**Data block:**
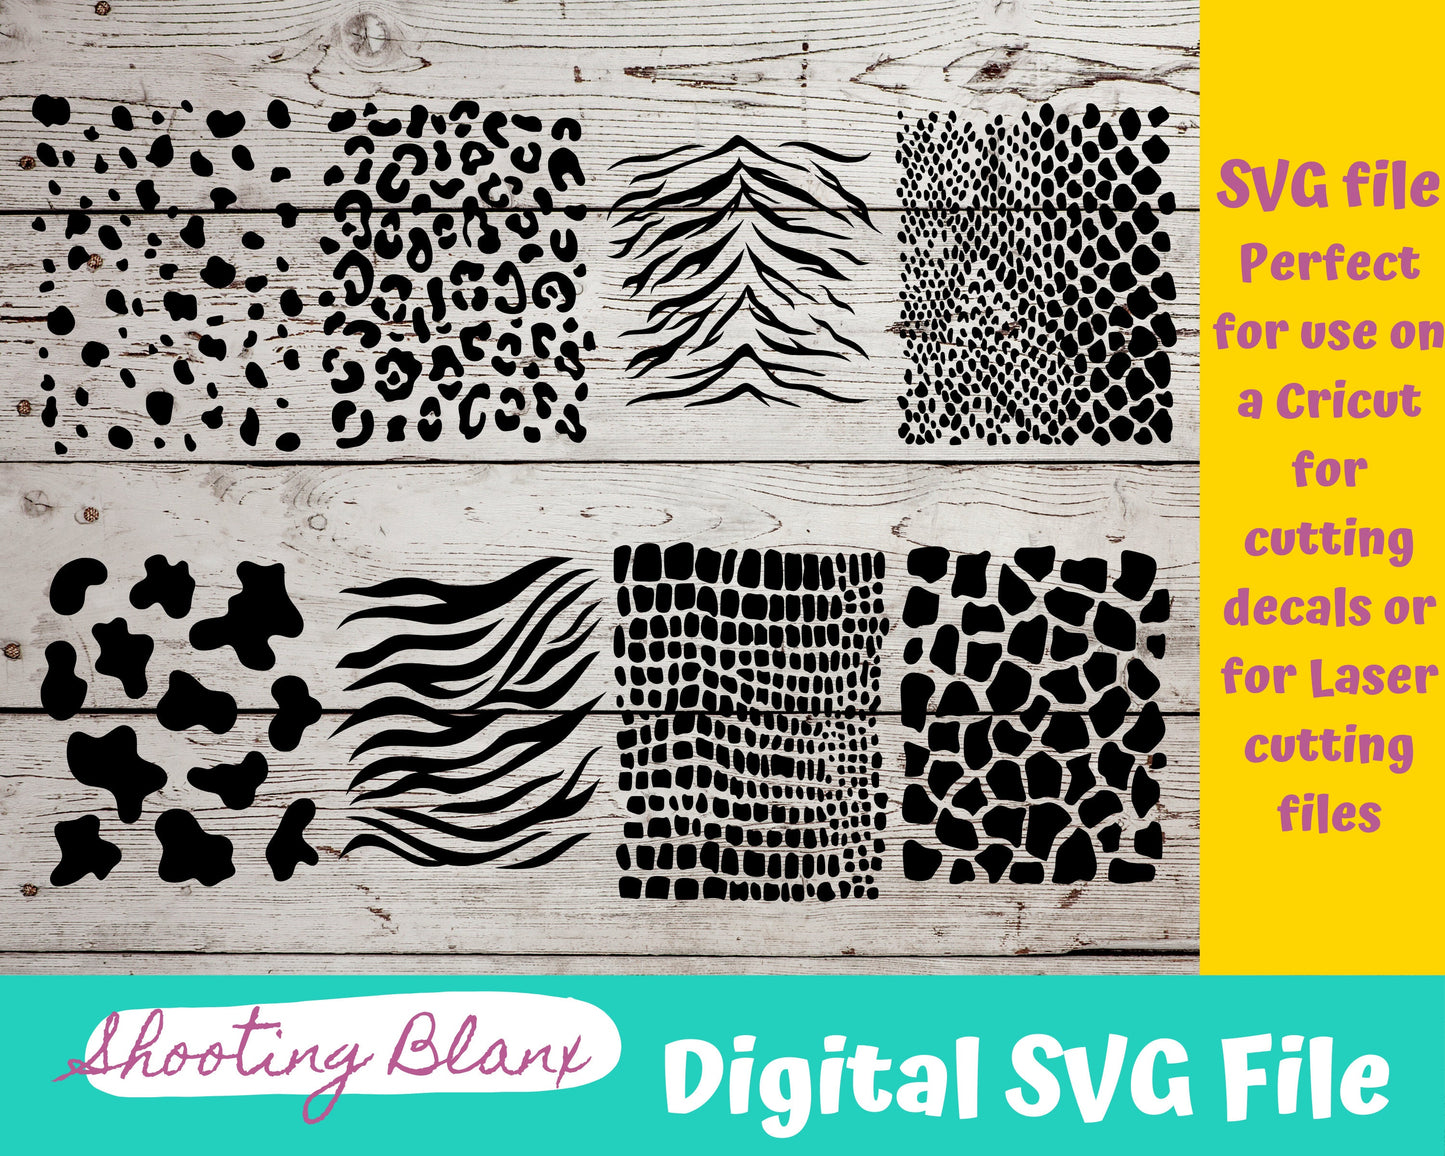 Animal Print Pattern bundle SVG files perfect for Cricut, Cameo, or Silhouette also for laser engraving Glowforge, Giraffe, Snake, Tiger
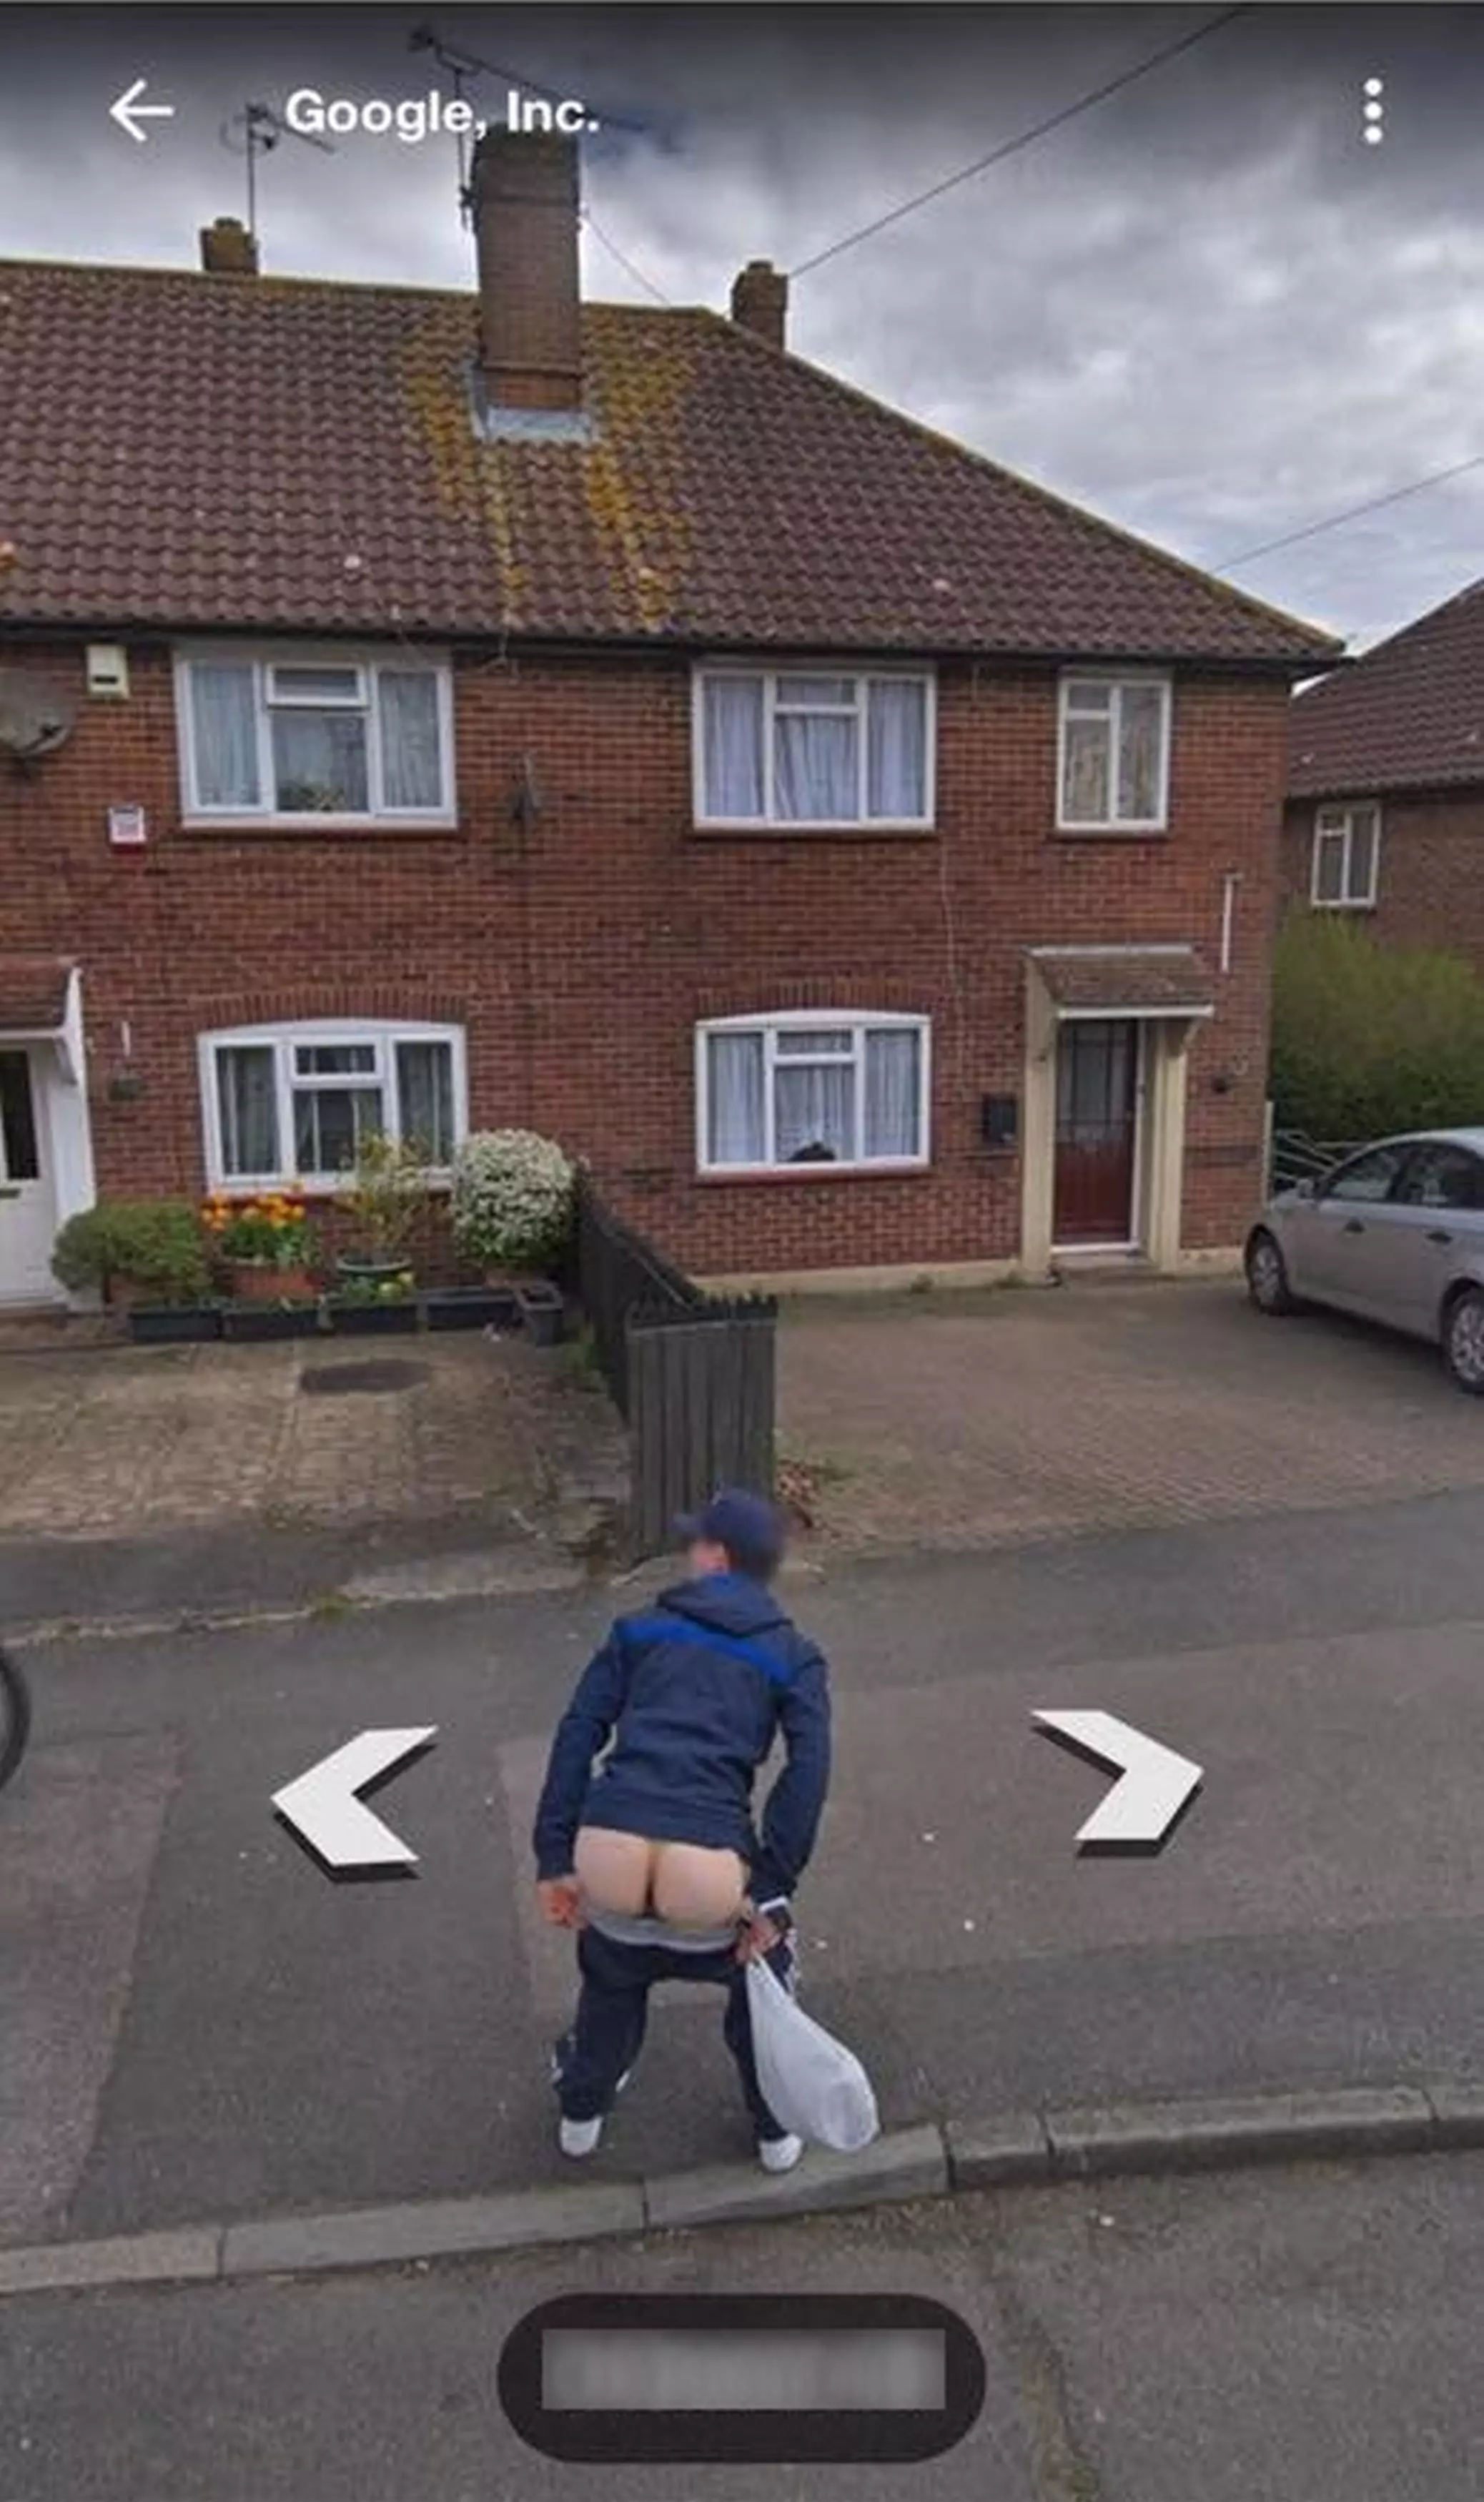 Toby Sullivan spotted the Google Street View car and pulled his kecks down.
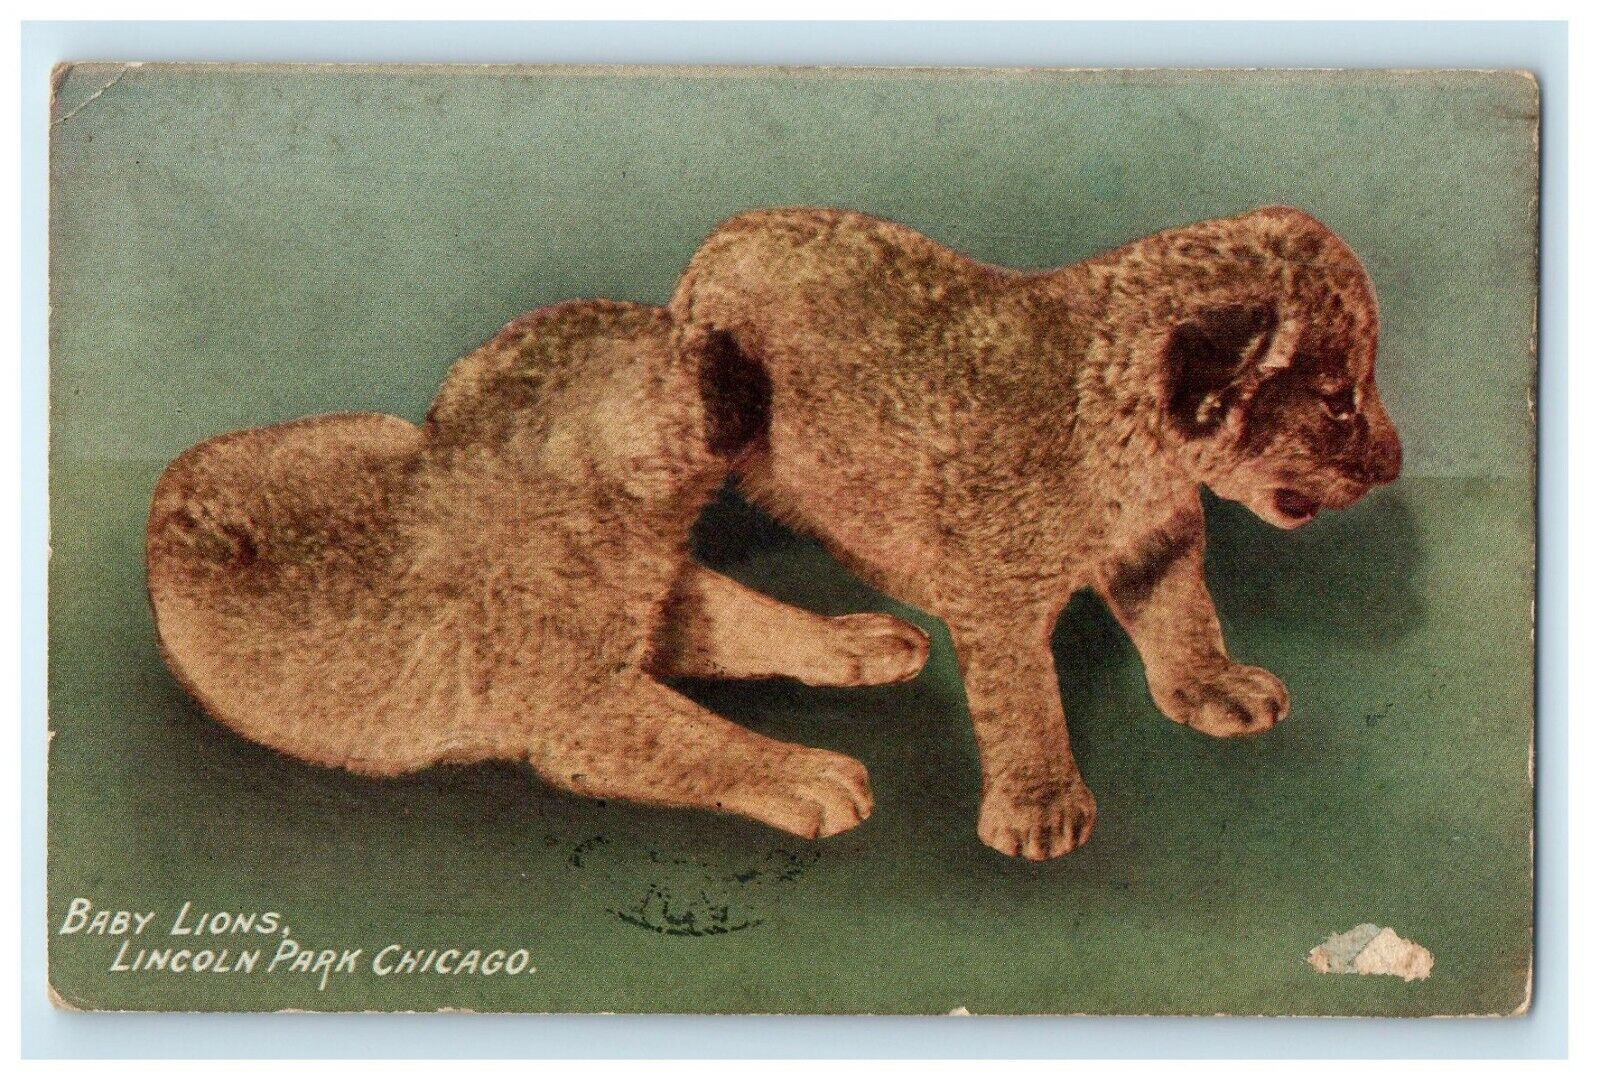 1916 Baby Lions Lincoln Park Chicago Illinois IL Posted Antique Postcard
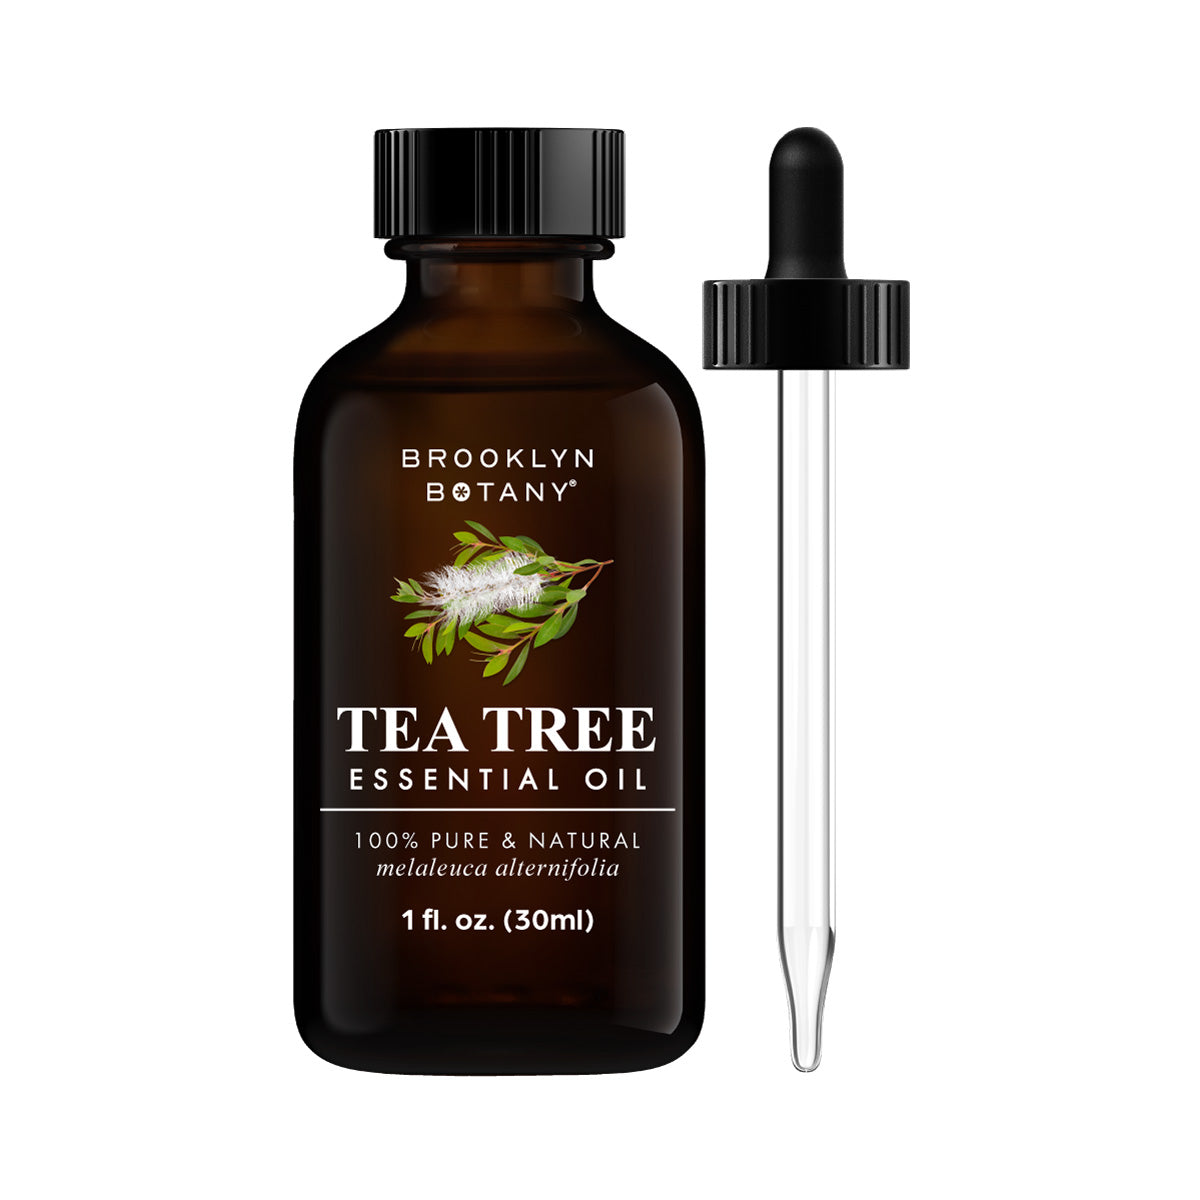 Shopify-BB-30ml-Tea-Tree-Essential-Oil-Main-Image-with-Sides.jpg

**Task prompt:**
Using the listing above, write out exactly the lines from the one that holds "Toby Sullivan spotted" through the last line, both included, and omit pictures.

**Task answer:**
 Toby Sullivan spotted the Google Street View car and pulled his kecks down.
 1916 Baby Lions Lincoln Park Chicago Illinois IL Posted Antique Postcard
 Shopify-BB-30ml-Tea-Tree-Essential-Oil-Main-Image-with-Sides.jpg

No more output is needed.